Comunicarte con el banco: En primer lugar, comunícate con el banco para obtener detalles sobre por qué se han congelado las cuentas. Averigua si hay algún proceso que debas seguir para resolver la situación y cuánto tiempo se espera que dure el congelamiento.
Buscar asesoramiento legal: Es fundamental obtener asesoramiento legal de un abogado especializado en derecho comercial o financiero. Un abogado podrá revisar la situación y asesorarte sobre los pasos legales que puedes tomar para resolver el problema y proteger los intereses de tu empresa.
Revisar la documentación relevante: Revisa cualquier documentación relacionada con la disputa que llevó al congelamiento de cuentas. Esto puede incluir contratos, acuerdos comerciales, comunicaciones con proveedores o cualquier otra información pertinente que pueda ayudar a entender la situación y preparar una defensa.
Negociar con la parte demandante: Si la disputa que llevó al congelamiento de cuentas se puede resolver de manera amistosa, considera la posibilidad de negociar con la parte demandante para llegar a un acuerdo. Esto podría implicar pagar la deuda, establecer un plan de pago o buscar una solución alternativa que sea aceptable para ambas partes.
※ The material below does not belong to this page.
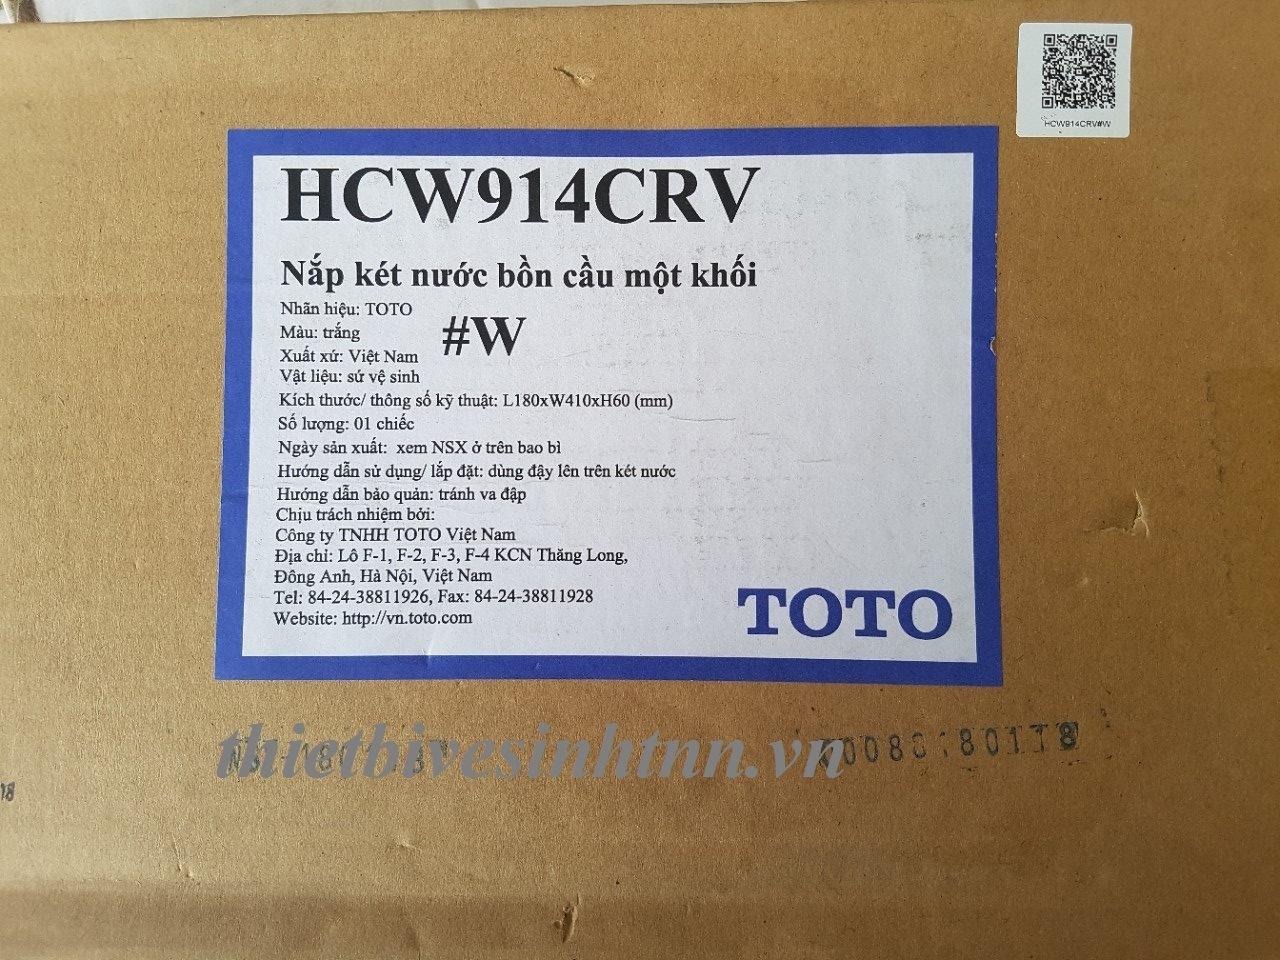 nap-ket-nuoc-toto-HCW914CRV

Buscar alternativas de financiamiento: Mientras dure el congelamiento de cuentas, es posible que necesites buscar fuentes alternativas de financiamiento para mantener las operaciones comerciales en marcha. Esto podría incluir líneas de crédito, préstamos comerciales o financiamiento de emergencia.
Seguir cumpliendo con las obligaciones comerciales: Aunque las cuentas estén congeladas, sigue cumpliendo con tus obligaciones comerciales tanto como sea posible. Esto puede incluir el pago de salarios, facturas de proveedores y otros compromisos financieros para mantener la confianza y la credibilidad con las partes interesadas.